Fifth, air pressure infiltration
Injecting high-pressure inert gas into the furnace body 3 through the gas filling pipe 7 and maintaining the pressure to obtain a metal matrix composite material;
the inert gas is nitrogen;
the pressure of the inert gas is 10 MPa;
the pressure maintaining time is 2 min;
sixthly, forming
Lifting the prefabricated body installation disc 9 to the prefabricated body 10 through the lifting rod 1, completely separating the prefabricated body 10 from the liquid base metal in the crucible chamber 61, alternately opening the exhaust tube 2 and the gas filling tube 7 to replace hot gas until the temperature of the metal-based composite material is reduced to 110 ℃, and finally unloading the metal-based composite material from the prefabricated body installation disc 9 and cooling to room temperature to finish the process;
sixthly, the lifting speed of the prefabricated body mounting disc 9 is 10 mm/s;
example 2 microscopic structure observation results:
example 2 a metal matrix composite of 200 μm diamond particles with 40 Cu-Zr alloys was obtained under the same 10MPa infiltration pressure conditions.
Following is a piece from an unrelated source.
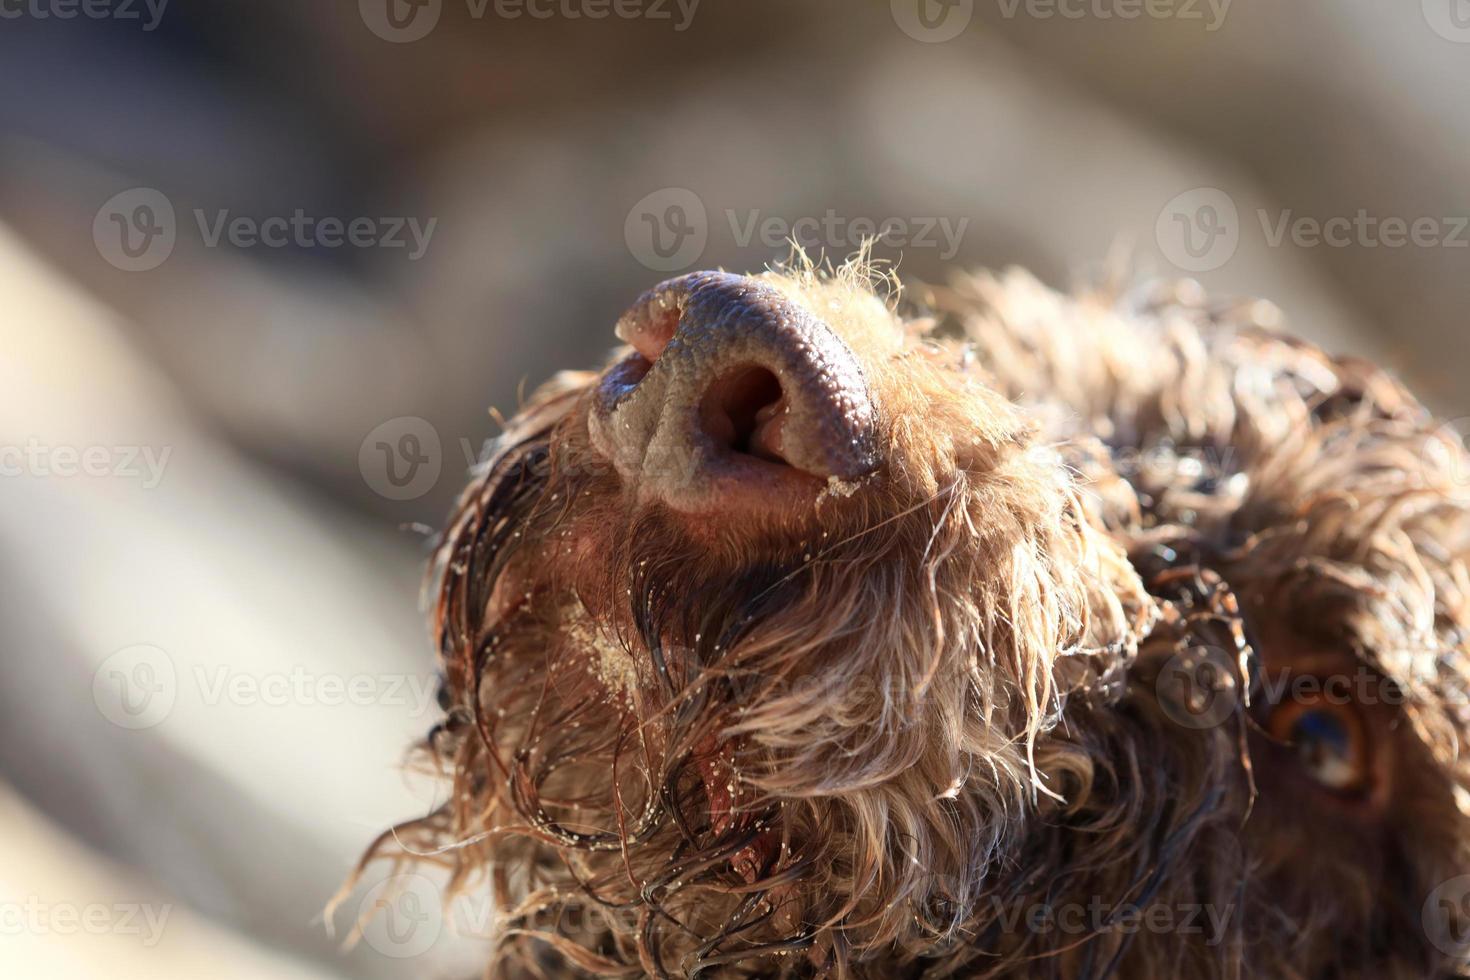 Retrato de perro marrón macro lagotto romagnolo truffle hunter Creta Grecia foto

Experiments show that under the infiltration pressure of 10MPa, when the Zr content is 8 to 12 percent, the Cu-Zr alloy can fully infiltrate the diamond preform, and when the Zr content is 8 to 12 percent<8% or>At 12%, the Cu — Zr alloy cannot sufficiently infiltrate into the diamond preform; when the Zr content is less than or equal to 1 percent, the diamond particles do not generate interface reaction with the Cu-Zr alloy, and when the Zr content is between 1 and 18.5 percent, Cu can be separated out from the interface of the diamond and the Cu-Zr alloy9Zr2And when the Zr content is 18.5-20%, Cu can be precipitated on the interface of diamond and Cu-Zr alloy9Zr2And Cu51Zr14。
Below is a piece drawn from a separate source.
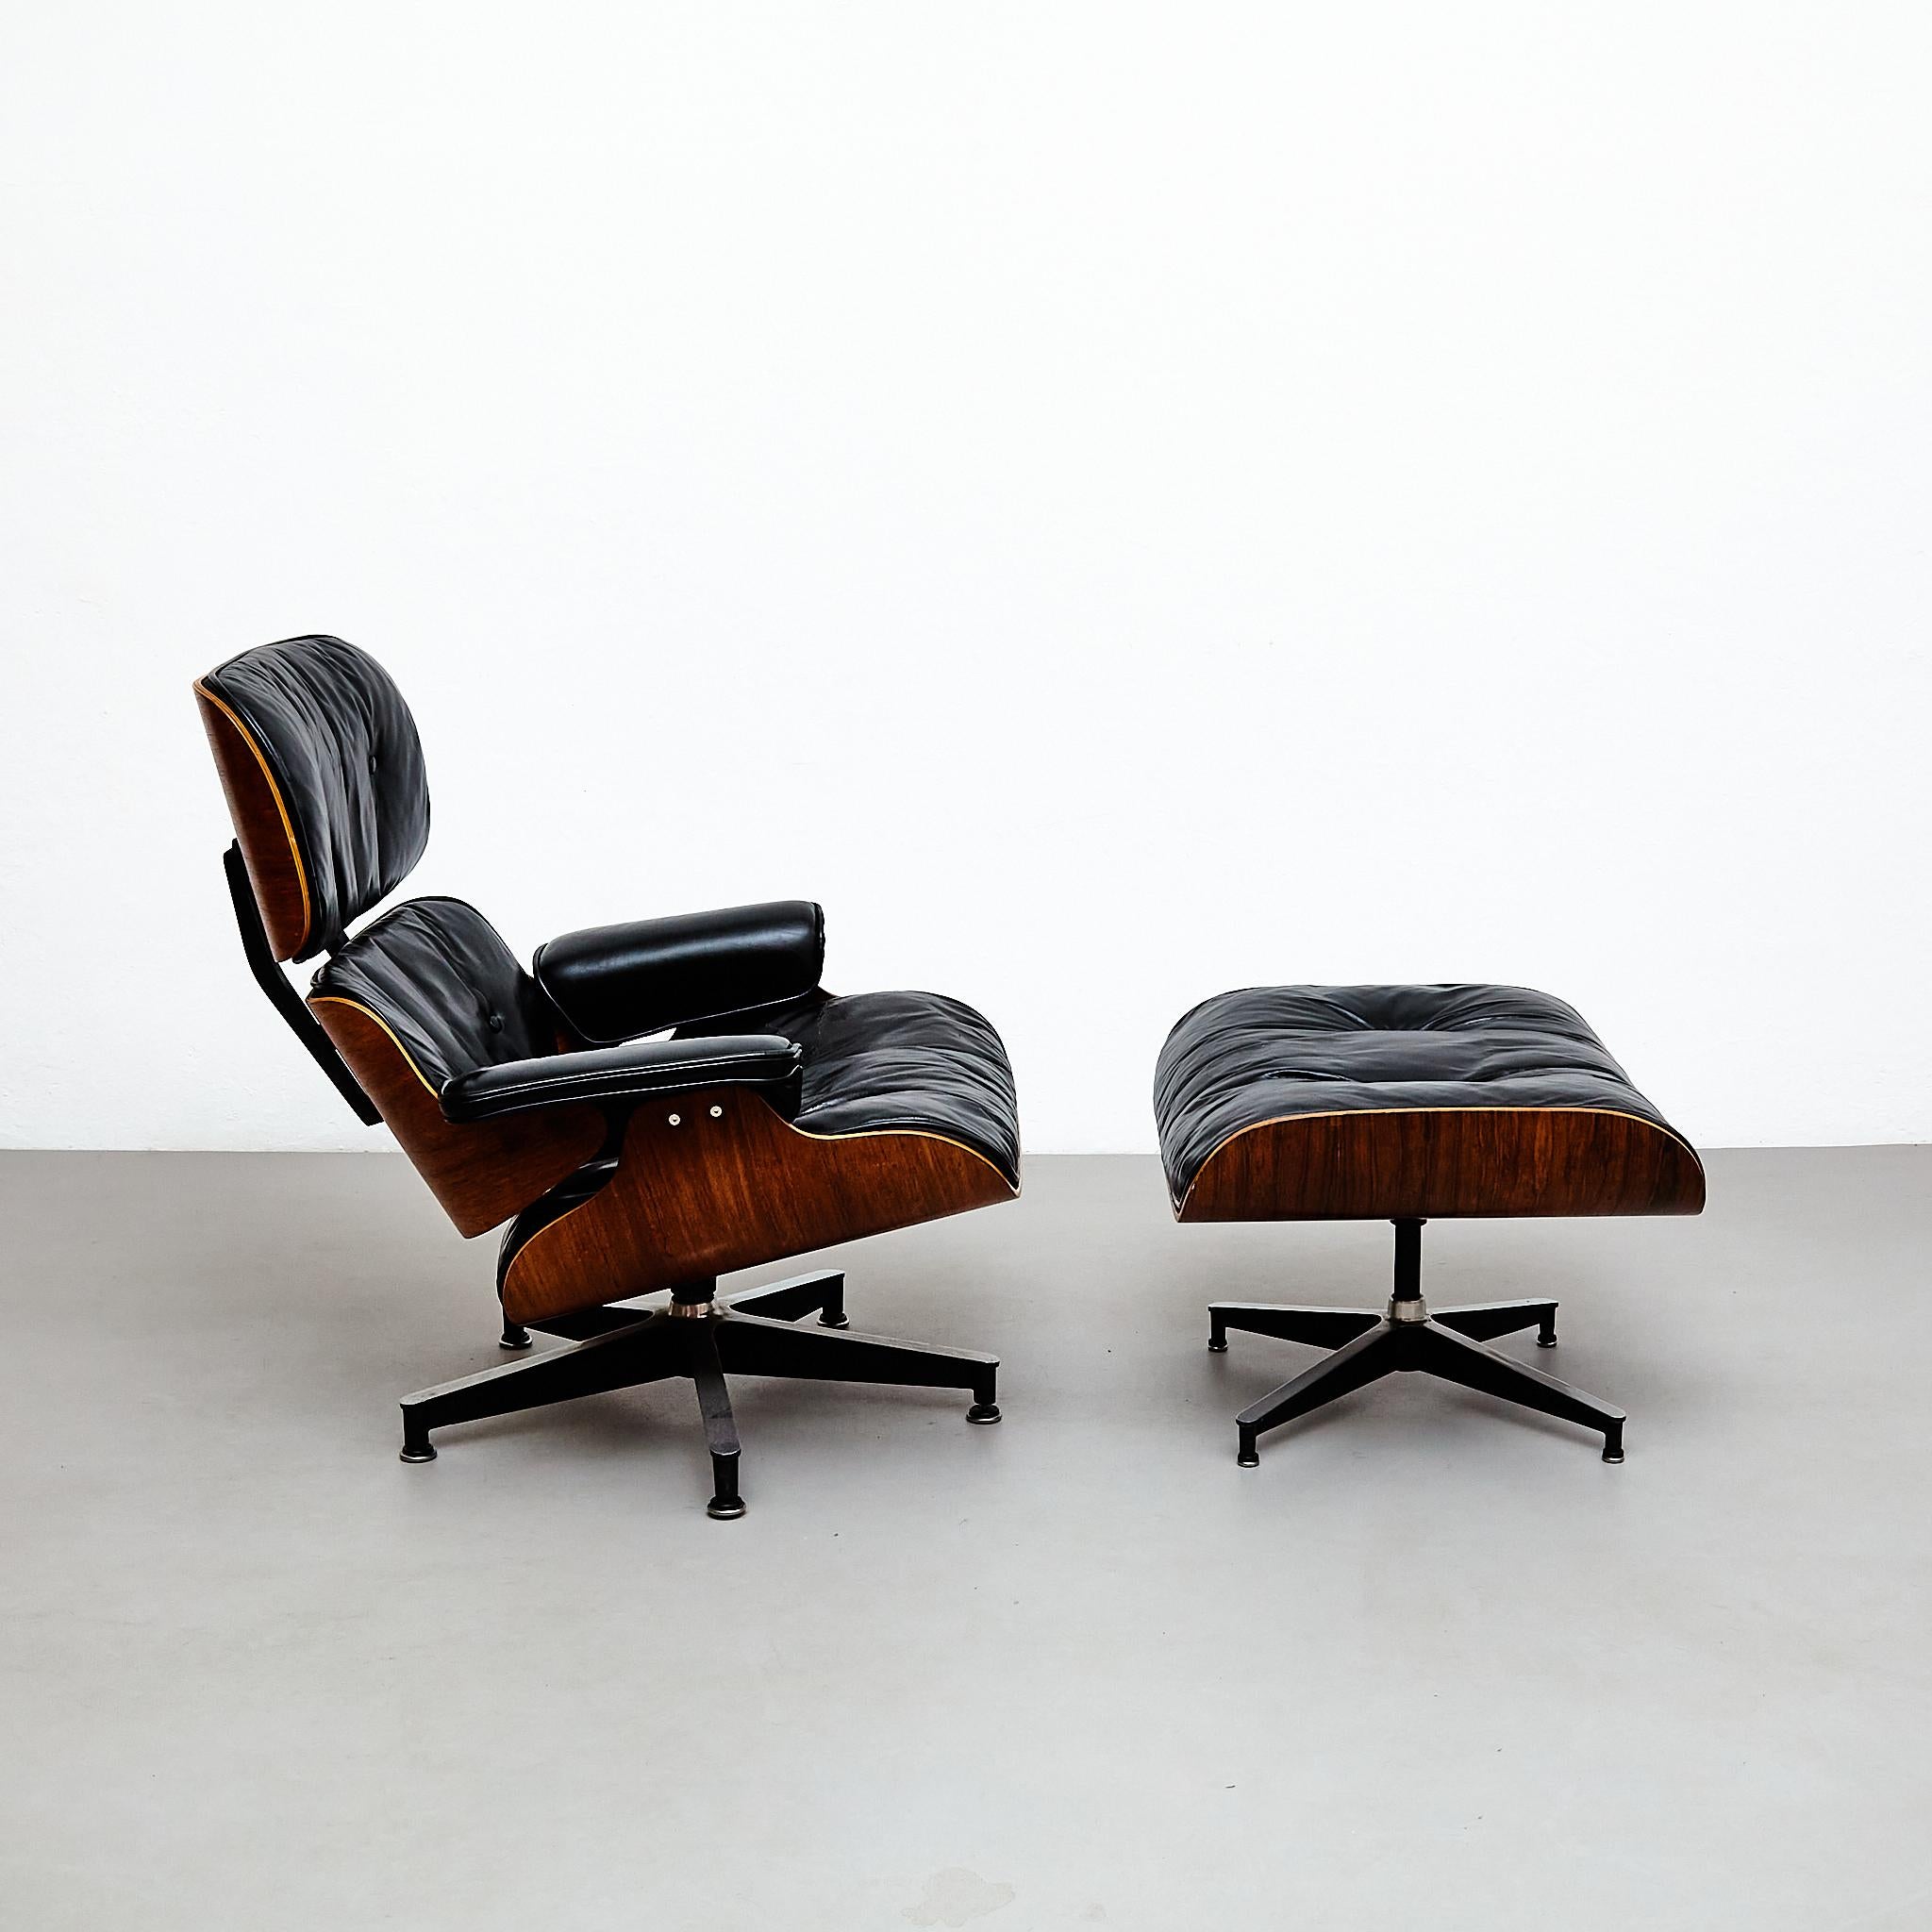 La chaise longue et l'ottoman Eames, conçus par Charles et Ray Eames, sont des meubles intemporels et emblématiques qui incarnent le confort, le savoir-faire et le design moderne. Fabriquée par Herman Miller à Zeeland, aux États-Unis, cette chaise

If the traditional one-time and sequential iteration mode is adopted for research, 40 times of tests are needed, and by adopting the scheme, the interface wetting and interface reaction behaviors of the diamond reinforced Cu-Zr composite material can be efficiently researched only by one test.
Example 3:
the metal matrix composite high-throughput preparation device of the embodiment comprises a lifting rod 1, an exhaust tube 2, a furnace body 3, a preheating zone 4, a smelting zone 5, a grid type crucible 6, an inflation tube 7, a preform mounting disc 9, 40 preforms 10, a heat insulation plate 11 and a crucible heating zone 13;
the furnace body 3 is a sealed cavity body, a horizontal annular heat insulation plate 11 is arranged in the middle of the inside of the furnace body 3, the annular heat insulation plate 11 is fixedly connected with the inner wall of the furnace body 3, the upper part of the annular heat insulation plate 11 in the furnace body 3 is a preheating zone 4, the lower part of the annular heat insulation plate 11 in the furnace body 3 is a smelting zone 5, the bottom of the smelting zone 5 is a crucible heating zone 13, and electric heating elements are respectively arranged at the position, close to the inner wall of the furnace body 3, in the preheating zone 4, at the position, close to the inner wall of the furnace body 3; the upper part of the furnace body 3 is provided with an exhaust tube 2 and an inflation tube 7 which are communicated with the inside of the furnace body 3; one end of the lifting rod 1 is arranged in the furnace body 3, the lower end of the lifting rod is fixedly connected with a horizontally arranged prefabricated body mounting disc 9, and the other end of the lifting rod 1 extends out of the furnace body 3 from a through hole at the top of the furnace body 3; 500 same prefabricated bodies 10 are hung on the lower surface of the prefabricated body mounting plate 9, the arrangement forms of the prefabricated bodies 10 are concentric rings, the prefabricated body mounting plate 9 and the prefabricated bodies 10 are arranged in the preheating zone 4, the grid type crucible 6 is arranged in the smelting zone 5 between the prefabricated bodies 10 and the crucible heating zone 13, the grid type crucible 6 is cylindrical, and a crucible chamber 61 corresponding to the arrangement position of each prefabricated body 10 is arranged in the grid type crucible 6.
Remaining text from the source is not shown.